Хорошо, что он добавил к этому финальное обращение: «Счастливым немногим!» Я поступил бы с ним несправедливо, если бы не заметил, что именно на последней странице романа Стендаль упоминает, в первый и единственный раз, саму «Пармскую обитель».
Французские романисты предпочитают иронию в финале. Может быть, они обязаны этим Вольтеру:
«Панглос говаривал иногда Кандиду: Все события неразрывно связаны в этом лучшем из возможных миров; ибо если бы вас не выгнали из прекрасного замка пинками под зад из-за Кунигунды, если бы вы не претерпели инквизицию, не прошли Америку пешком, не пронзили шпагой барона, не потеряли всех своих прекрасных овец из Эльдорадо, вы бы сейчас не ели лимонные цукаты и фисташки. Хорошо сказано, ответил Кандид; но надо возделывать наш сад».
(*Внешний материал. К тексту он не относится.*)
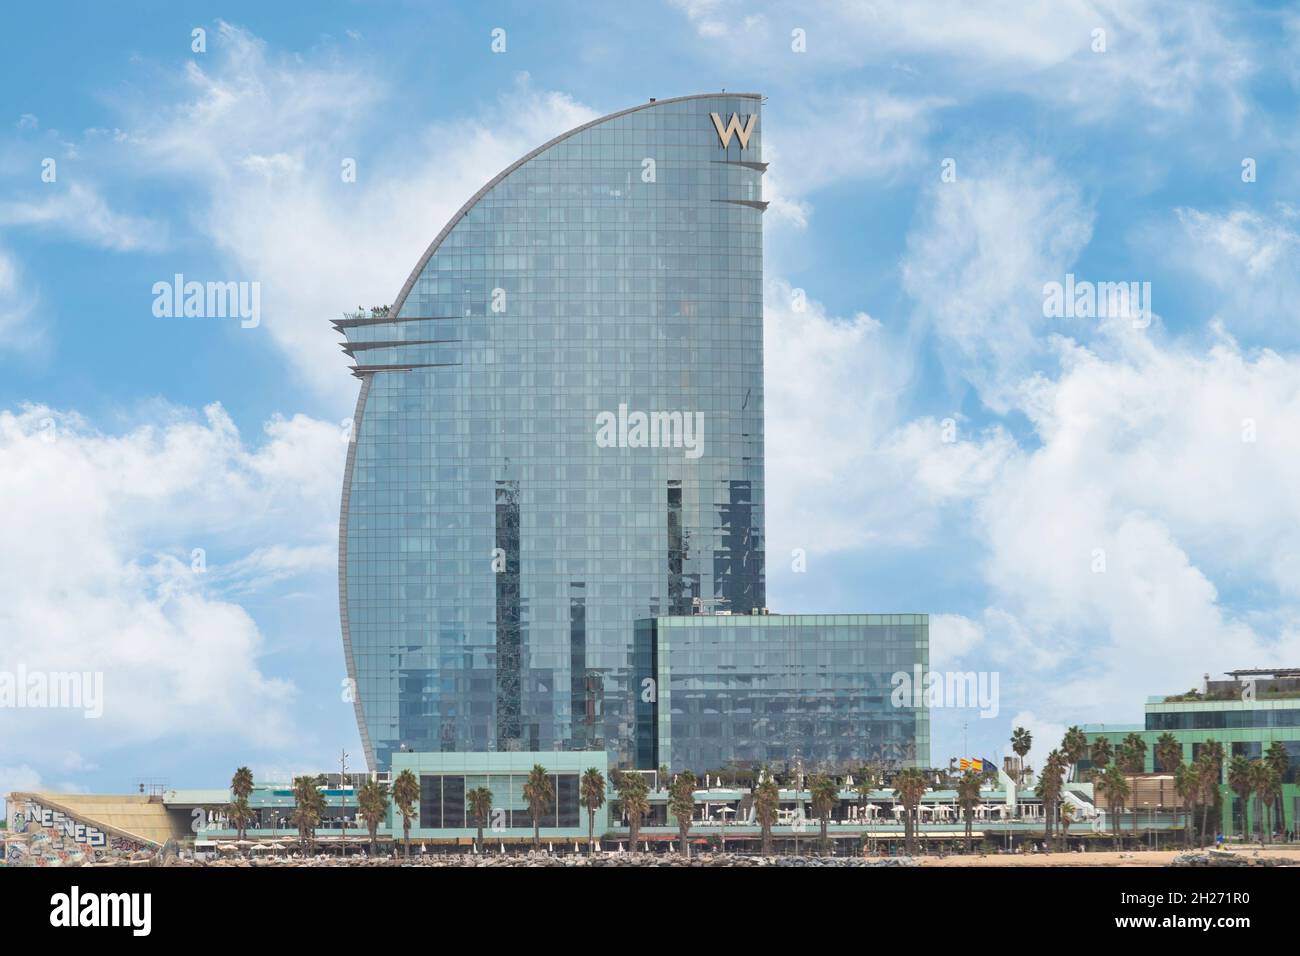 Barcelona, Spanien - 24. September 2021: Das W Barcelona Hotel, auch bekannt als Hotel Vela, ist ein 98.8 m hohes Gebäude, das vom spanischen Architekten Ri entworfen wurde Stockfoto

Флобер перенял нечто подобное для «Воспитания чувств», чья последняя страница — лучшая. Хорошо, что мы дошли туда, во всяком случае; и приятно уйти с радостной мыслью.
Насколько близко современный, строго модернистский метод сближает роман с историей о смелом Камбускане, у меня не осталось места, чтобы рассказать строго современному читателю — который, к тому же, знает об этом больше меня. Апосиопеза имеет свои плюсы, один из которых, безусловно, заключается в том, что, поскольку все, что угодно, уже произошло, оно может произойти снова, и вполне может. Но это слишком полагается на иммунитет, предоставляемый печатным станком. Если бы современный рассказчик попробовал эту игру перед аудиторией и предложил бы уйти, оставив своих персонажей сидеть, велика вероятность, что у него самого не осталось бы ничего стоящего, на чем можно было бы сидеть. Единственная компенсация, доступная читателю, к сожалению, — это перестать быть таковым; и это как раз то, что, как я понимаю, он и делает.
БОМАРШЕ
Я часто задавался вопросом, каковы были чувства растущего мальчика, на которого постепенно снизошло осознание того, что его крестные родители окрестили его Гиацинтом или Ахиллом. Осознавал ли он вдохновение или обратное? Это открытие, должно быть, было частым во Франции, где правление Людовика XV, в частности, было временем расцвета имен. Был Анахарсис Клоотс, был Максимилиан Робеспьер. Когда к незаметной фамилии Карон были добавлены звучные слоги Пьер-Огюстен, для их носителя, по крайней мере, вещи стали трубой. Он протрубил себя на них в дальние уголки Европы. Императрица Екатерина посмеивалась над ним в своем Зимнем дворце; ее августейшая соседка заставляла читать его ей по вечерам в Вене. Гораций Уолпол, отказываясь от знакомства с ним, писал о нем с изумлением мадам дю Деффан; Вольтер в Фернее полагал, что в нем что-то есть. И было. Прежде всего и всегда — дерзость. Он мог смотреть любому в лицо и никогда не теряться сам. Затем — хорошее настроение: в свои худшие часы он не держал зла, а в лучшие — так мало, что это не имело значения. Когда он был лицом к лицу со своим врагом и действительно схватился с ним, он всегда мог отступить от драки, чтобы отпустить шутку или отразить атаку комплиментом. Была некая мадам Гезман, с которой он был сильно замешан в гражданском процессе. Когда они были перед секретарем суда и ее спросили, знает ли она истца, — «Я не знаю и не желаю никогда знать его», — сказала она. «У меня также нет чести быть знакомым с мадам, — сказал Пьер-Огюстен в свою очередь; — но, увидев ее, я вынужден желать прямо противоположного тому, что желает она». Счастливая галантность, которая должна была тронуть суд, но не тронула.